For larger organisations, where everyone doesn’t know what everyone else does exactly, I felt it was important for the tool to display each individual’s skills in detail. These included: current job focus or designated role, soft skills and interests outside work.

When visualised, this information unlocked a host of different insights, such as a team’s skill sets, balance of skills and interests.

This detailed information helped sales and client directors – who are usually detached from the team – pitch the core competencies of the team to clients, ensuring that employees were happy with the work being brought in as well as the opportunities to build on the skills they were interested in developing.
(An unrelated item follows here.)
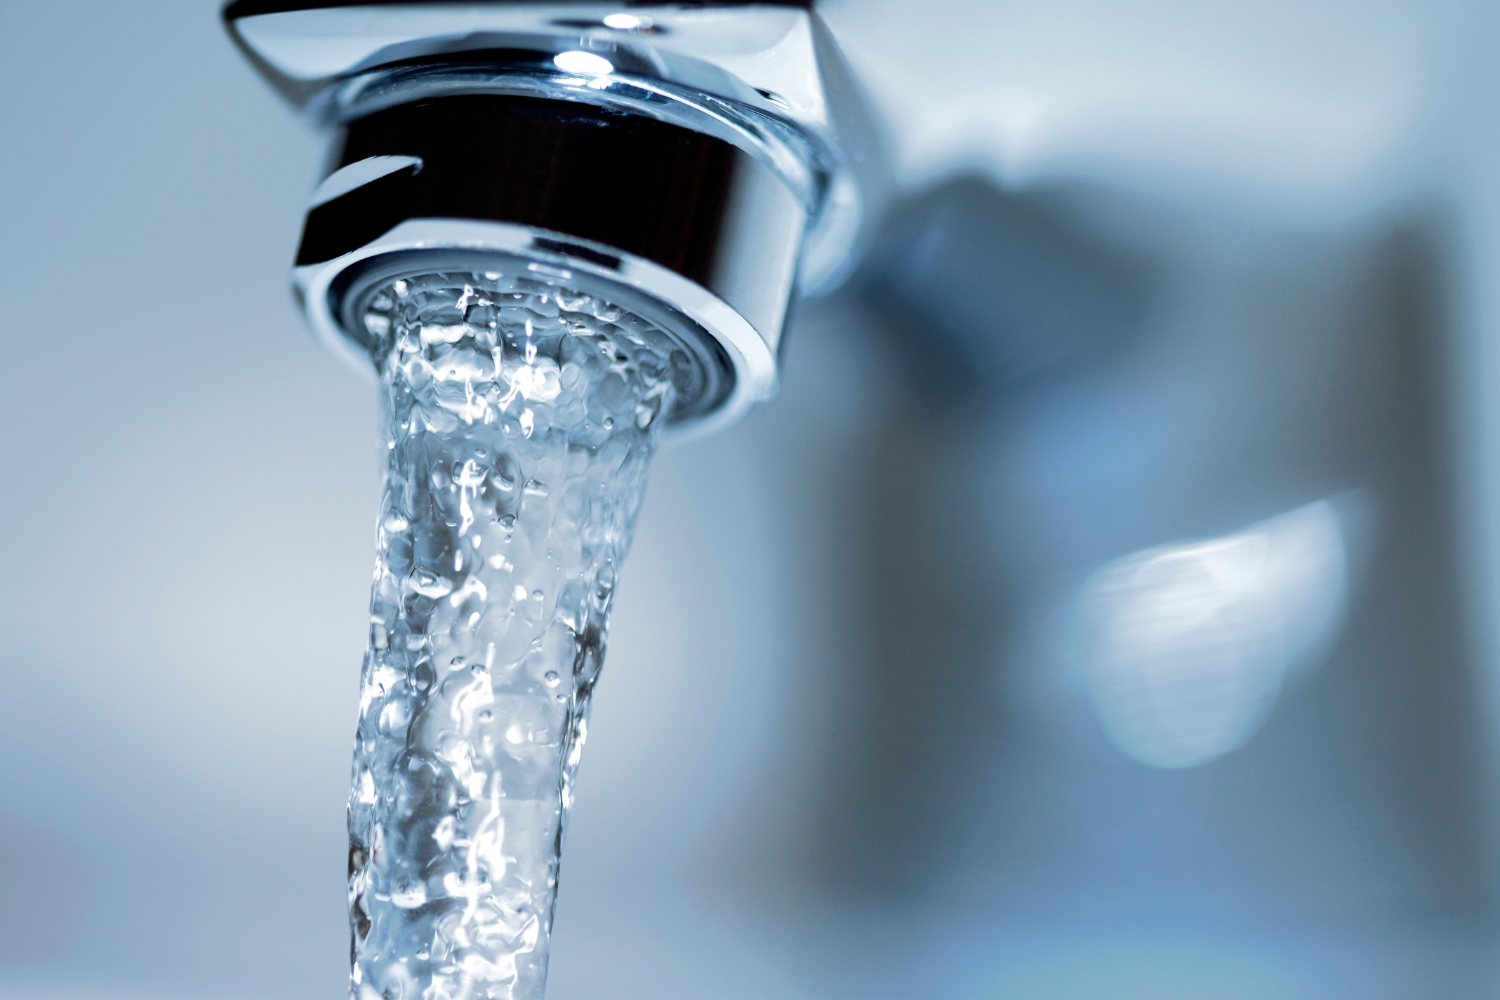 Tall de subministrament d’aigua previst per dijous 29 de febrer
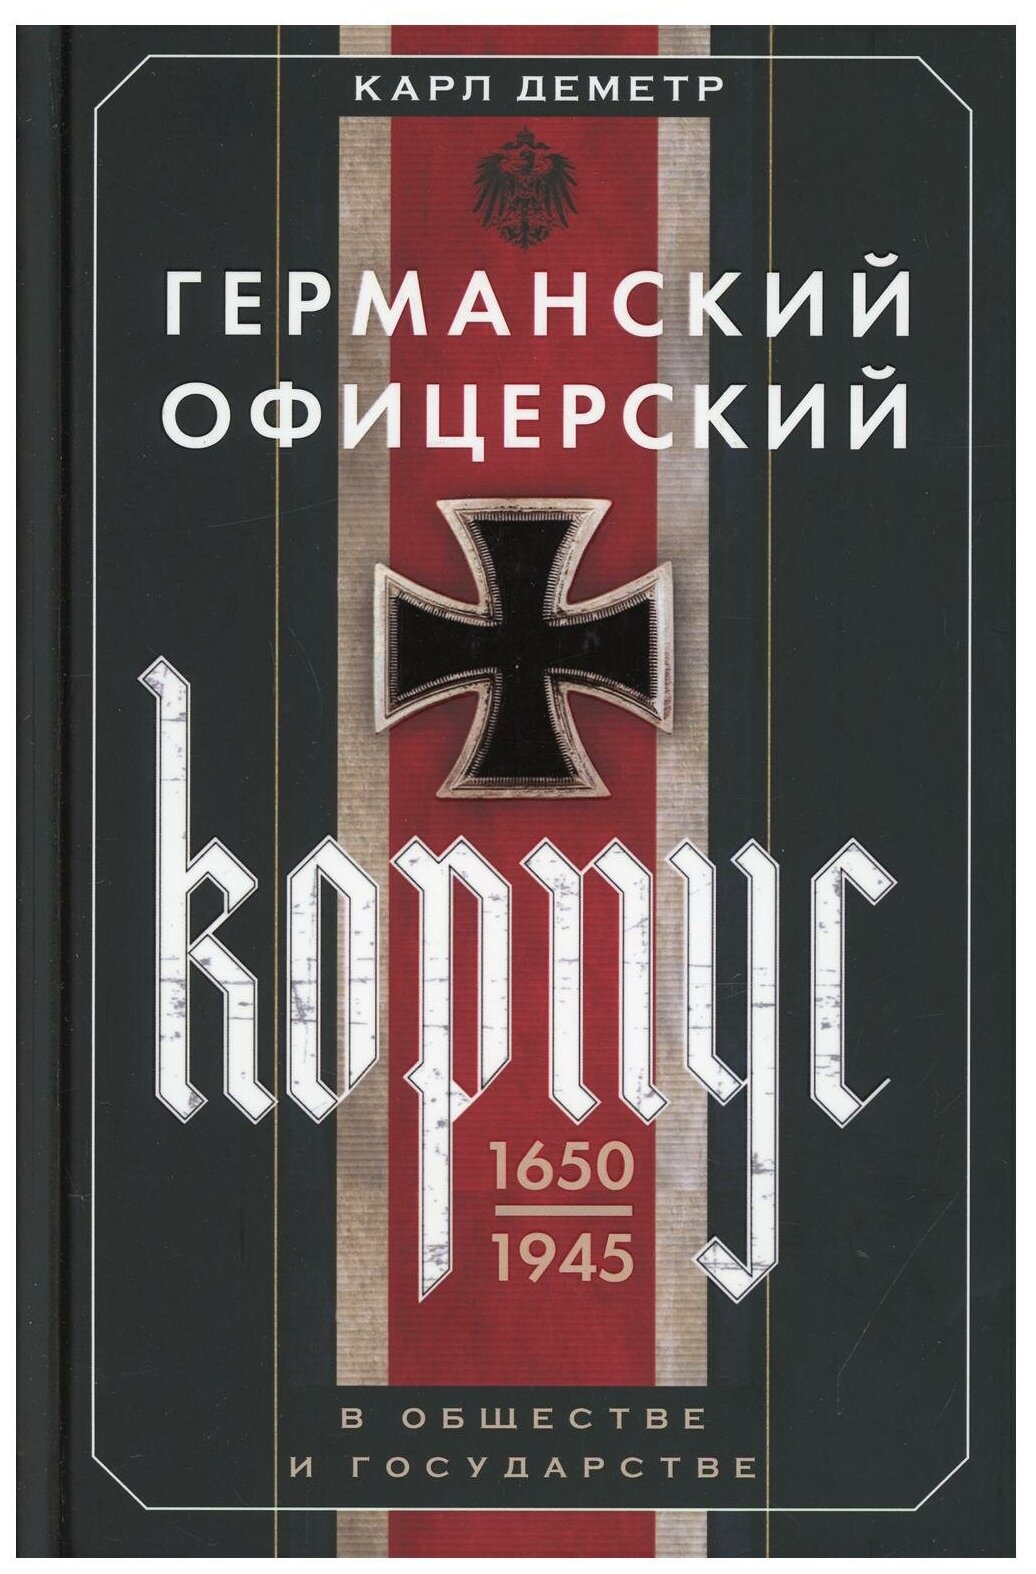 Германский офицерский корпус 1650-1945 гг. - фото №1

Detailed information about each employee’s skills and interests also allowed the organisation and team leaders to take quick decisions on allocating the right person for the right job, increasing productivity and staying competitive.

Since I’ve worked with digital products for most of my professional career, I decided to transform this simple spreadsheet into a software that was meant to make this data visualisation easier to input and read. 

MuchSkills was the natural next step to ensure that individuals, teams and organisations all had the tools to look beyond wordy CVs, self-indulgent cover letters and boring skills matrices by putting skills at the centre of any discussion – be it a new job applicant, or a project manager looking to assemble the best team available.

And that is how MuchSkills was born a new way to visualise skills and skill sets.